In this post, we describe how to capture and use uncertainty along a navigation pipeline of BDL components. Moreover, we assess how uncertainty quantificaiton throughout the system impacts the navigation performance of an UAV that must fly autonomously through a set of gates dispoosed in a circle within a simulated environment (AirSim).

The Navigation Task and Architecture Overview

The goal of the autonomous agent (i.e., UAV) is to navigate through a set of gates with unknown locations disposed in a circular track in the AirSim simulator, as presented in Figure 1.

Figure 1: UAV circular track in AirSim.

We consider a minimalistic end-to-end deep learning-based navigation architecture to study uncertainty propagation and its use. Therefore, in our experiments, the autonomus navigation architecture consists of two neural network components, one for perception and the other for control, as presented in Figure 2.

Figure 2: UAV autonomous navigation architecture.

To create an instance of the architecture above, we can follow the approach presented in , where the perception component defines an encoder function \(q_{\phi}:\mathcal{X} \rightarrow \mathcal{Z}\) that maps the input image \(\mathbf{x}\) to a rich low dimensional representation \(\mathbf{z} \in \mathbb{R}^{10}\). Next, a control policy \(\pi_{w}: \mathcal{Z} \rightarrow \Upsilon\) maps the compact representation \(z\) to control velocity \(\Upsilon = \{\dot{x}, \dot{y}, \dot{z}, \dot{\psi}\} \in \mathbb{R}^{4}\) commands, corresponding to the desired linear and yaw velocities, respectively in the UAV body frame. This desired velecities are then sent to the UAV low-level controller which is responsible for the UAV motion in the simulator. Figure 3 shows the UAV navigation architecture proposed by Bonatti et al. , where the control policy is implemented using a multilayer perceptron (MLP), and the perception encoder is implemented using the encoder block of a variational autoencoder (VAE).

Figure 3: The input image is encoded into a latent representation of the environment. A control policy acts on the lowerdimensional embedding to output the desired robot velocity commands.

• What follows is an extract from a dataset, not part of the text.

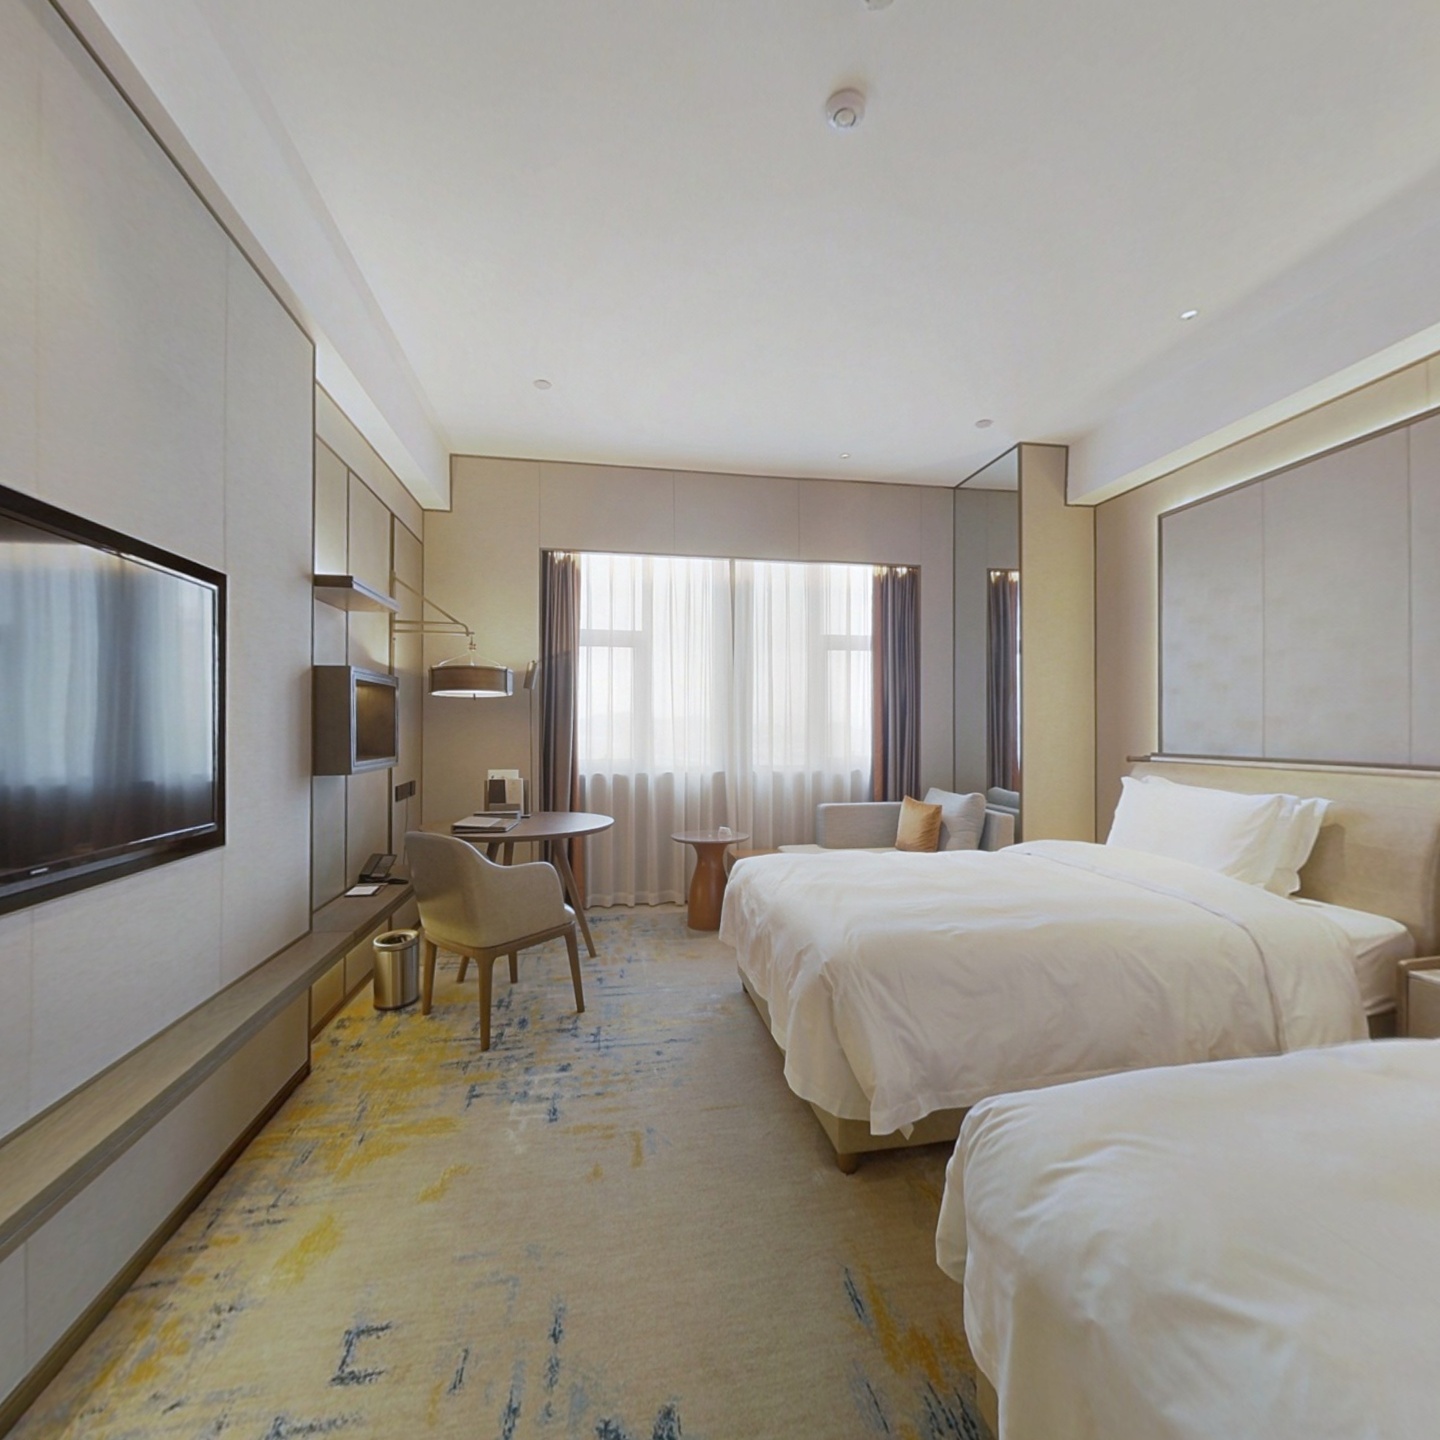 亚运会指定君廷酒店代管每年拿总价的6.5%为收益

Nevertheless, Bonatti et al. , employ a special type of VAE, a cross-modal VAE (CM-VAE), that allows mixing two data modalities. In the proposed CM-VAE, besides reconstructing the input image, an additional network block is added and trained to predicts the gate’s pose (position and orientation in spherical coordinates) relative to the UAV camera, i.e., the additional network block attached to the VAE performs a (supervised) regression task with the addional data modality (gate pose labels for each image), as presented in Figure 4.

Figure 4: Cross-Modal VAE: Each input image sample is encoded into a single latent space that can be decoded back into images, or transformed into another data modality such as the poses of gates relative to the UAV.

Moreover, the additional network block for predicting the gate poste, is connected in an usual way to the VAE. The regression block only uses the first four variables of the latent vector at the output of the CM-VAE encode. In addition, each of this 4 latent vector variables, is connected to a dedicated regressor for each of the predicted spherical coordinates (radius, polar, azimuth, yaw). This causes a stronger regularization to the latent space during traning since the first 4 variables of the latent space vector will receive an additional flow of error gradients corersponding to pose prediction errors, and therefore, forcing the disentanglement of this 4 latent vector variables, as presented in Figure 5.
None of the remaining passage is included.